I'm seeking your guidance on speaker orientation and room treatment.

As you can see from the attachment, my living room, while rectangular, is non-symmetric as there is drywall on one side and glass on the other (viewed from Option A) or dry-wall on one side, open space on the other (viewed from Option B).

To make matters worse, my flooring is ceramic tile and the ceiling is cement that has a rough uneven finish to it. It's a very bright/live room as you can probably imagine.

What is the best way to orient my speakers? What should I in terms of absorption/diffusion? Keep in mind that it's a rental unit so I can't gut the flooring


----------



## bpape (Sep 14, 2006)

Never fear. You could be in a lot worse situation.

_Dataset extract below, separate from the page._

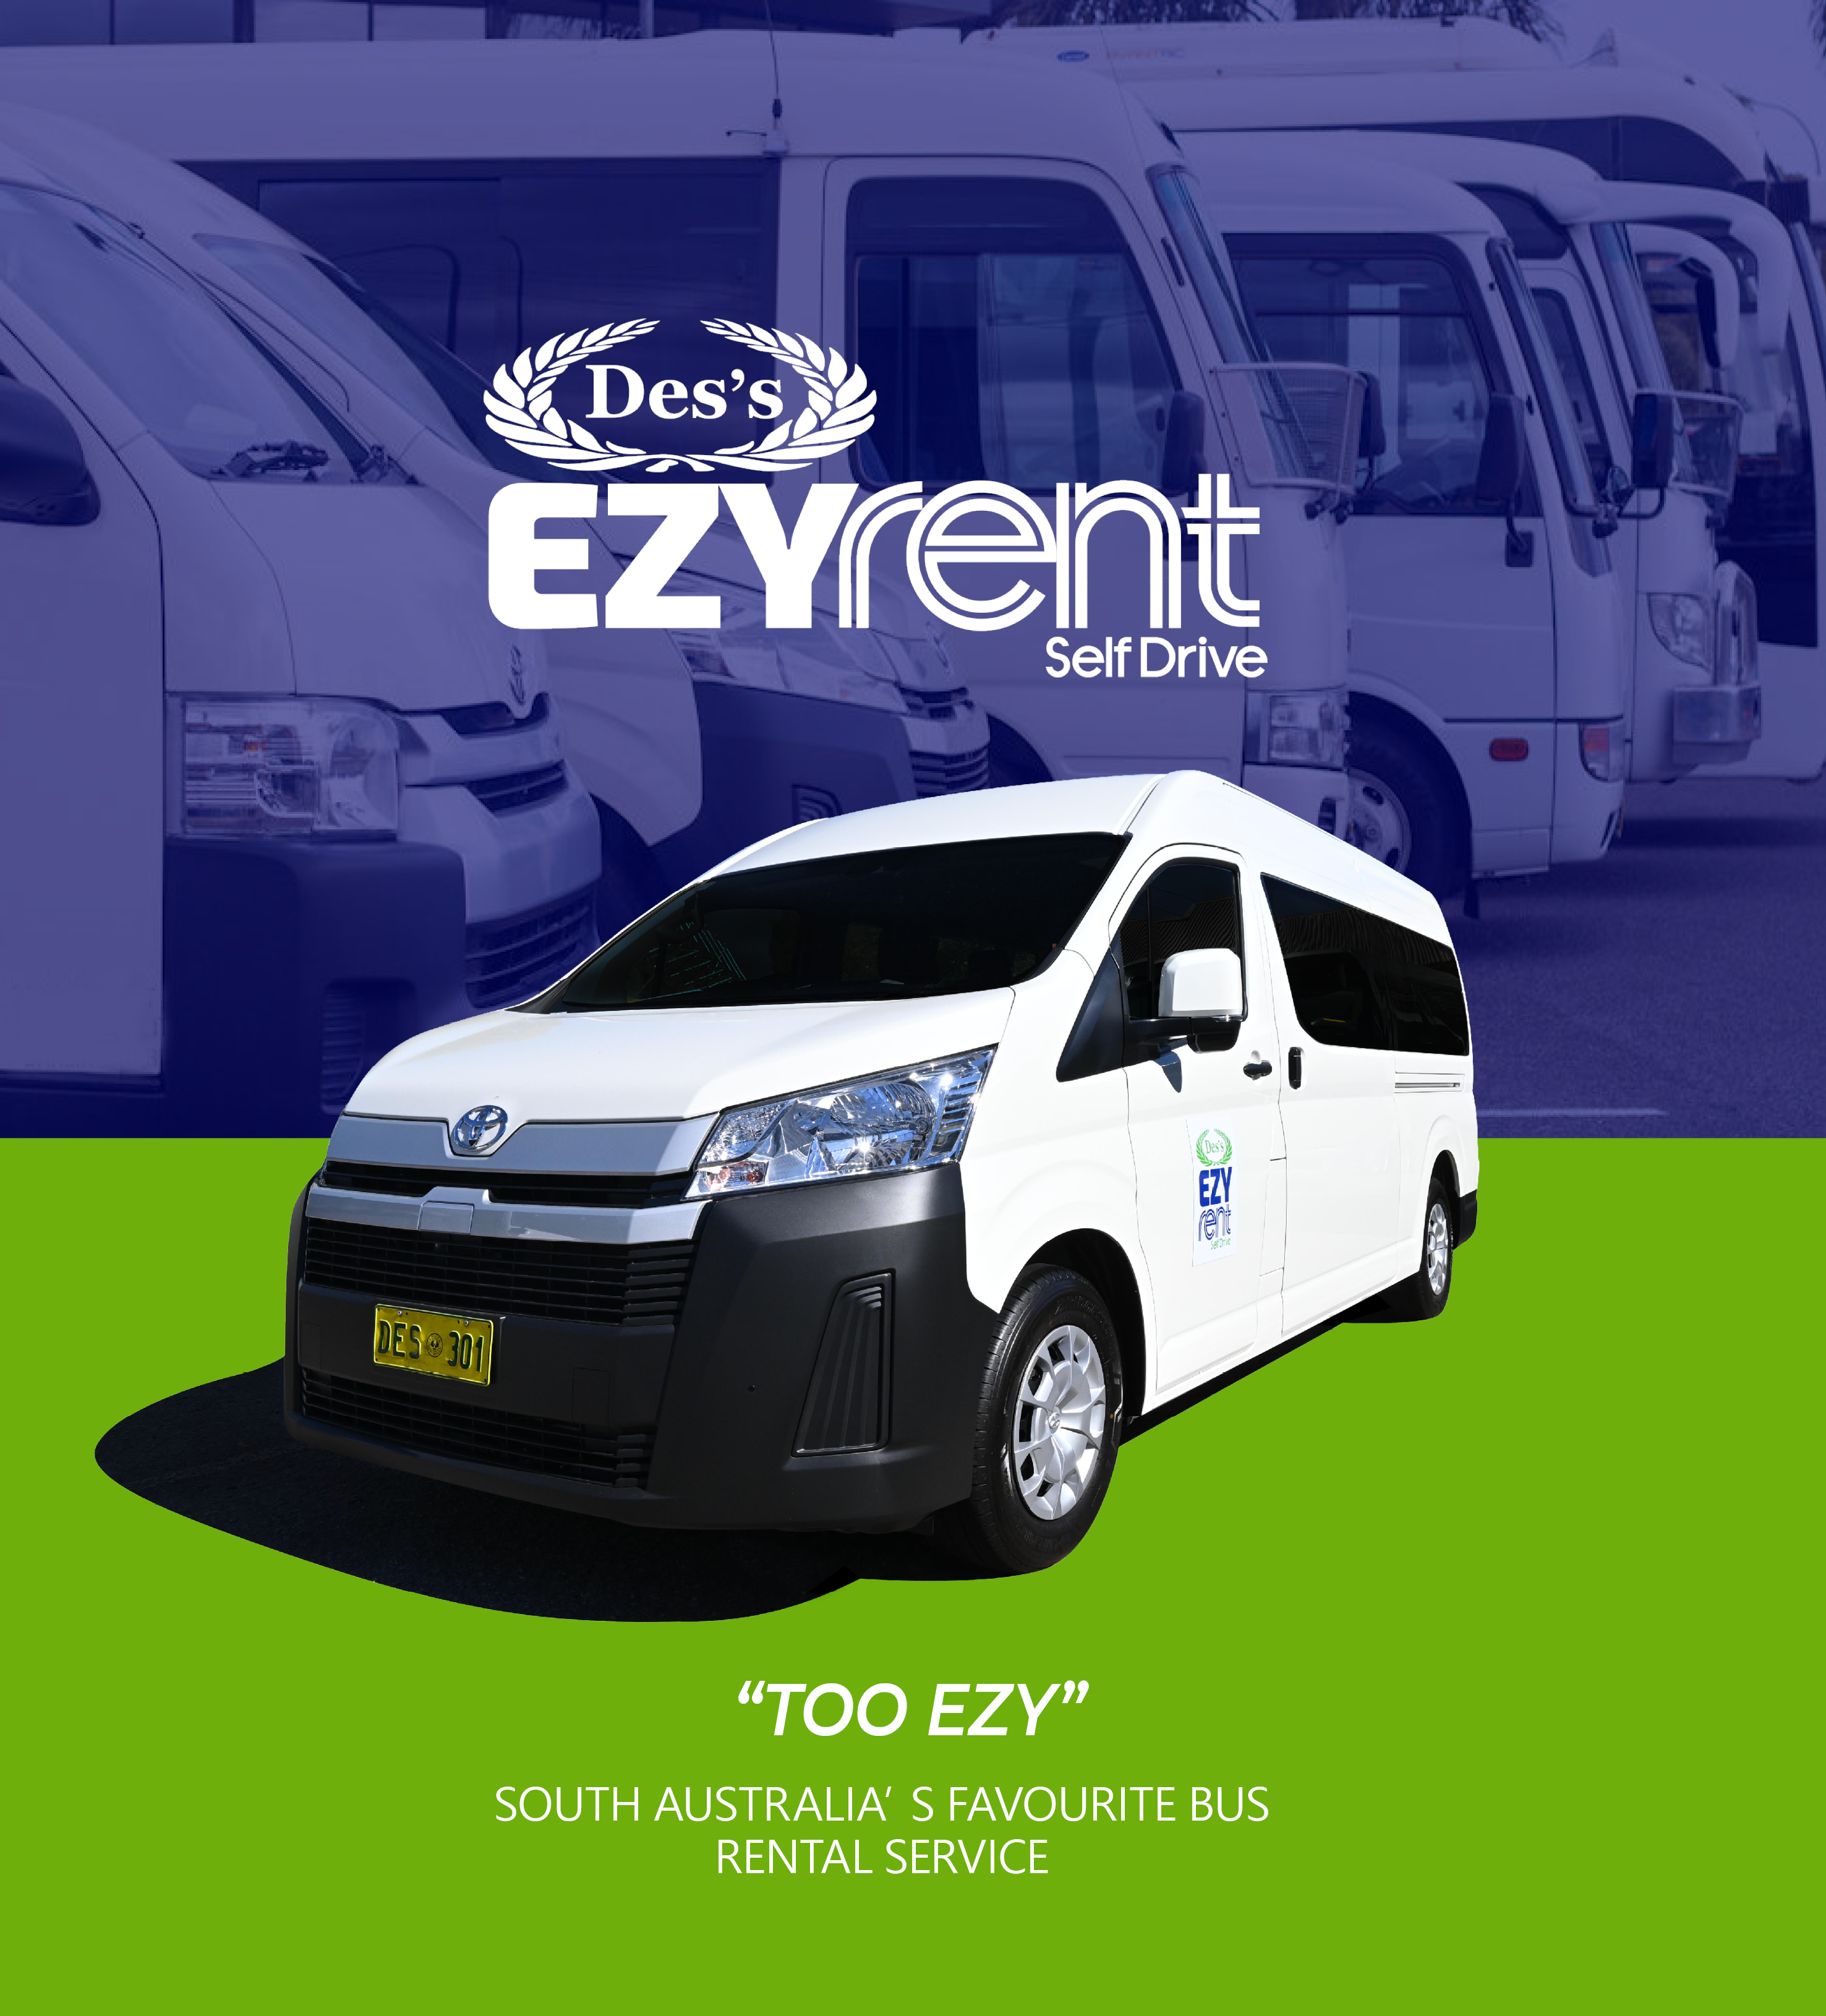 You’ll be blown away by how easy it is to book in your self-drive bus hire with our friendly and knowledgeable booking agents.

Set the speakers toward the top of your drawing and fire down the length. Get a large area rug to use between the seating and the speakers. Easy to do, no damage, etc.

Broadband bass control in the front corners and potentially over your head (don't know the room height but it will help with decay times and echo anyway). Also, add some centered on the rear wall of the room in the dining area.

After that, it's a matter of how much more you want to knock things down. Heavy curtains on the windows counterbalanced by a couple of thinner panels on the left wall could be a good solution.

Bryan


----------